* **THE PROBLEM**
Would you copy exactly the lines in the data below from the one that has "Los manifestantes contra el golpe militar caminan" through the one that has "Отзыв о товаре", dropping any pictures?

(STORED DATA begins)

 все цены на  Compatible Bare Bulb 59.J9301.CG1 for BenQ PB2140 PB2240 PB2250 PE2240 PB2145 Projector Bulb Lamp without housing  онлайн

(STORED DATA ends)
(STORED DATA begins)

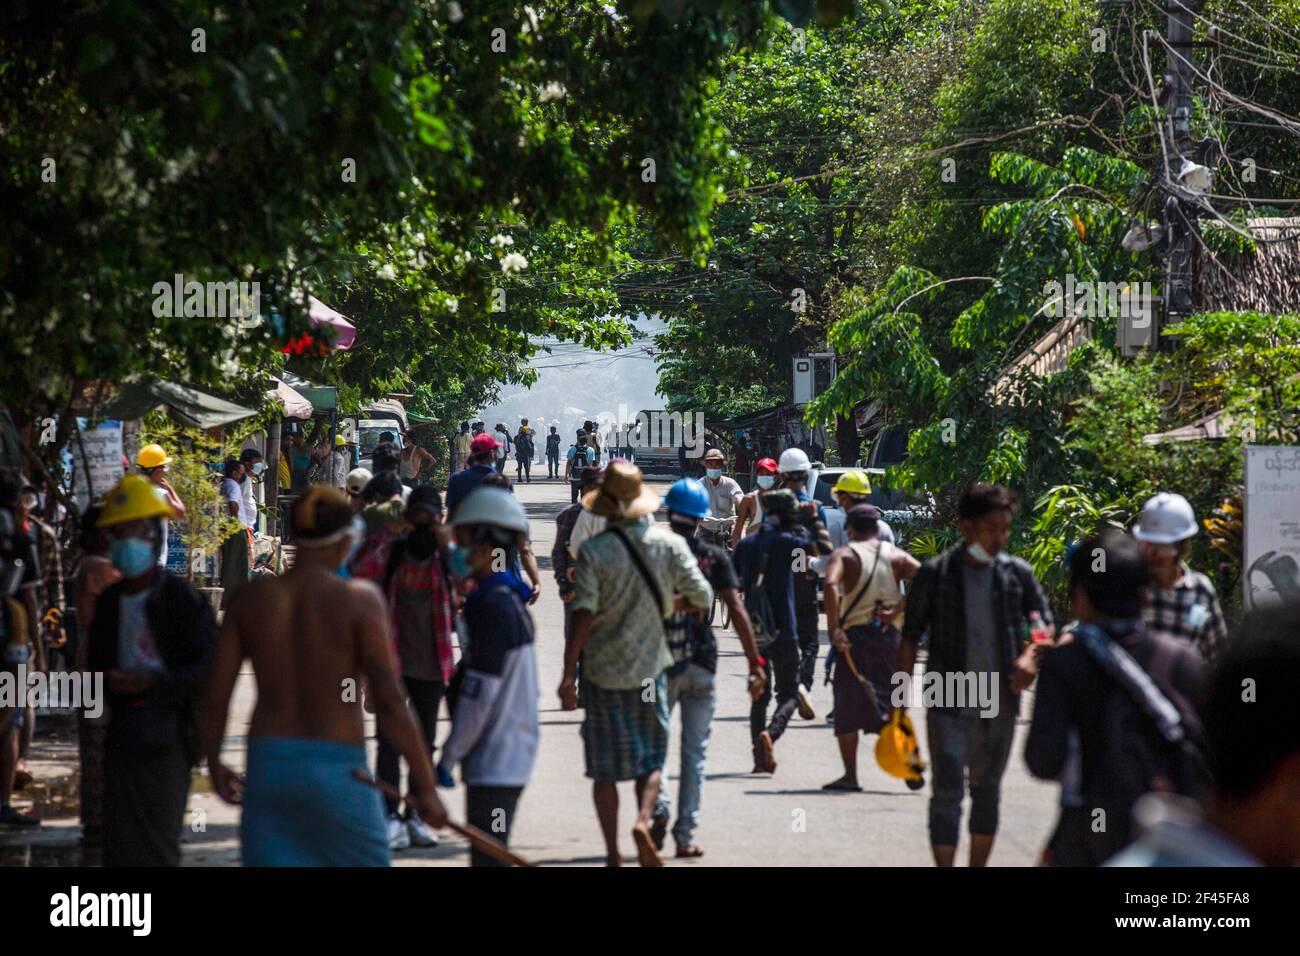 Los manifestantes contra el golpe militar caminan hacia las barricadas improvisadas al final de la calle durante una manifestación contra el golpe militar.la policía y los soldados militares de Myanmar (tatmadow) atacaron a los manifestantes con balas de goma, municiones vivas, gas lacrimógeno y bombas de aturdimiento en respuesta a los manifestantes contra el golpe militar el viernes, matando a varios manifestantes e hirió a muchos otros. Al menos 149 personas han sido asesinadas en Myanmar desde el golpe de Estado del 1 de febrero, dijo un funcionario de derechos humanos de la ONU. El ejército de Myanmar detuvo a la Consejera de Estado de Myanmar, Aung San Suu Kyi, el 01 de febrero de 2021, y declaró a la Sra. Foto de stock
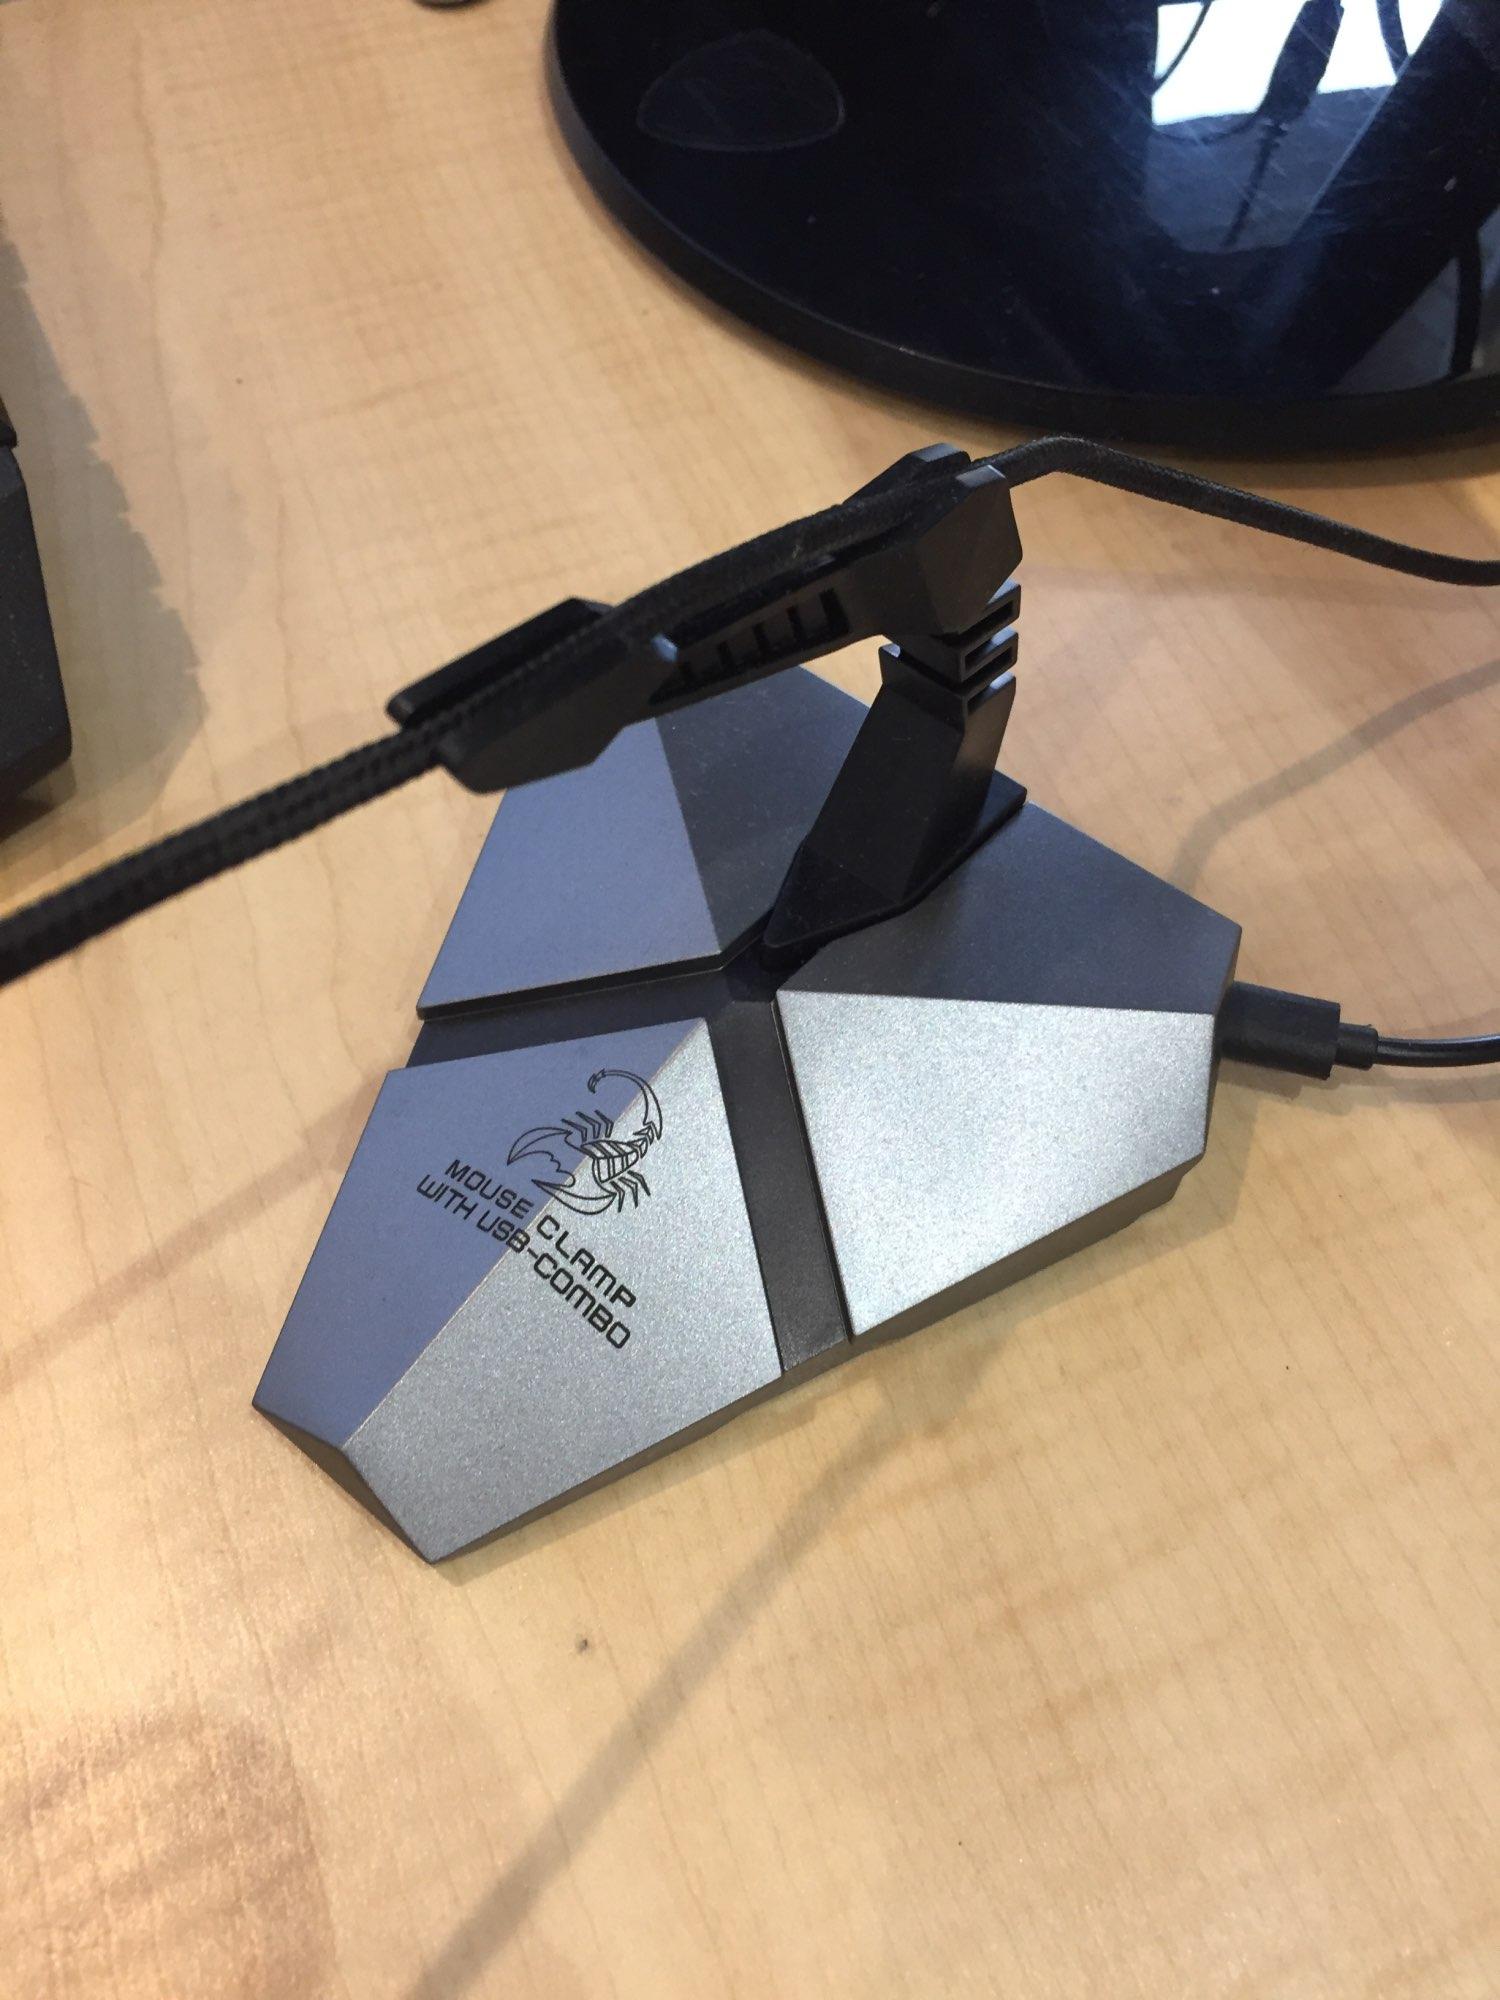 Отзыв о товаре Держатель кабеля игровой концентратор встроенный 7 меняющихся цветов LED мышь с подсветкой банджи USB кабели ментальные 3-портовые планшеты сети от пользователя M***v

(STORED DATA ends)
(STORED DATA begins)

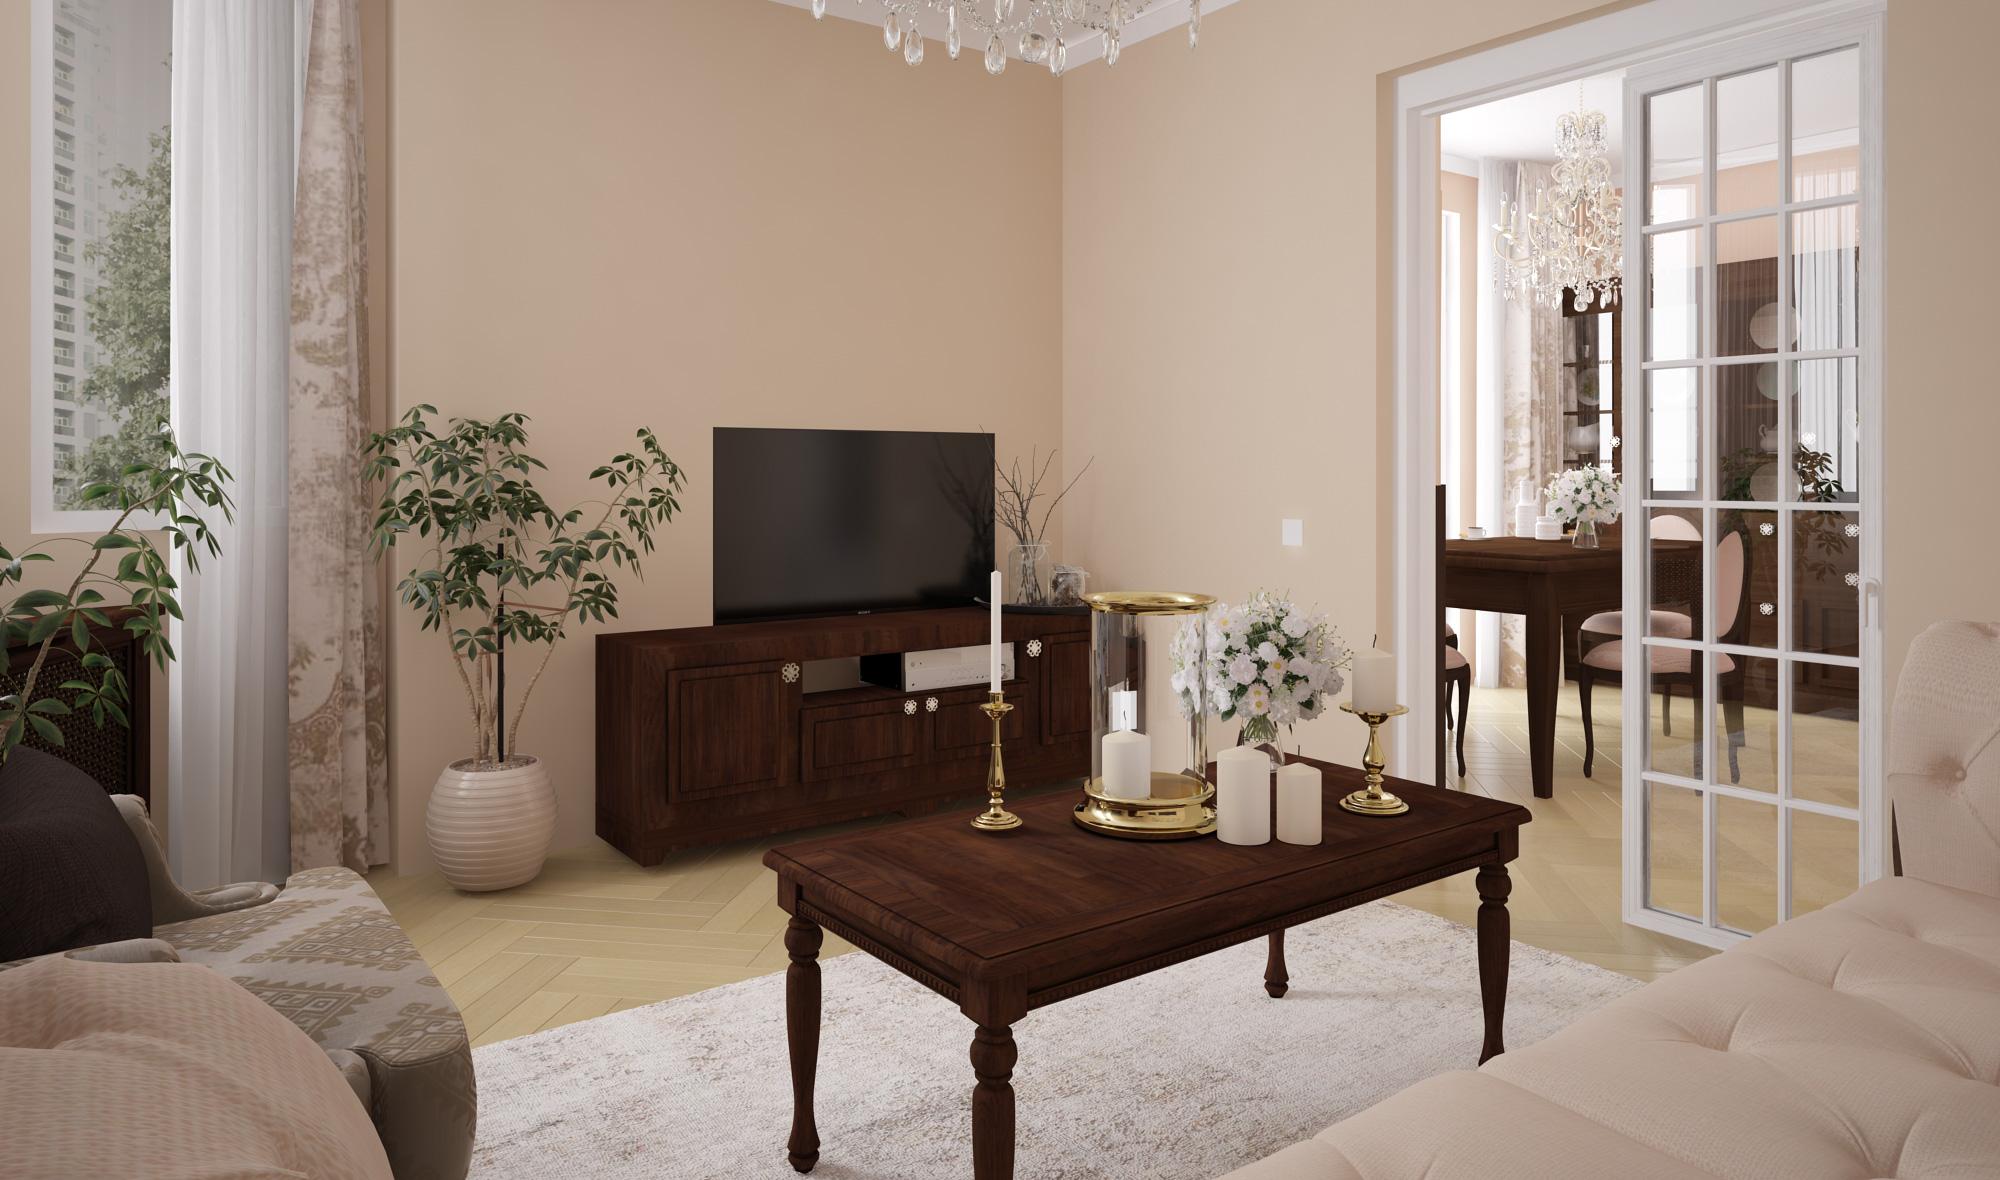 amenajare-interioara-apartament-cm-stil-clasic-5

(STORED DATA ends)

* **COMPLETED EXERCISE**
 Los manifestantes contra el golpe militar caminan hacia las barricadas improvisadas al final de la calle durante una manifestación contra el golpe militar.la policía y los soldados militares de Myanmar (tatmadow) atacaron a los manifestantes con balas de goma, municiones vivas, gas lacrimógeno y bombas de aturdimiento en respuesta a los manifestantes contra el golpe militar el viernes, matando a varios manifestantes e hirió a muchos otros. Al menos 149 personas han sido asesinadas en Myanmar desde el golpe de Estado del 1 de febrero, dijo un funcionario de derechos humanos de la ONU. El ejército de Myanmar detuvo a la Consejera de Estado de Myanmar, Aung San Suu Kyi, el 01 de febrero de 2021, y declaró a la Sra. Foto de stock
 Отзыв о товаре Держатель кабеля игровой концентратор встроенный 7 меняющихся цветов LED мышь с подсветкой банджи USB кабели ментальные 3-портовые планшеты сети от пользователя M***v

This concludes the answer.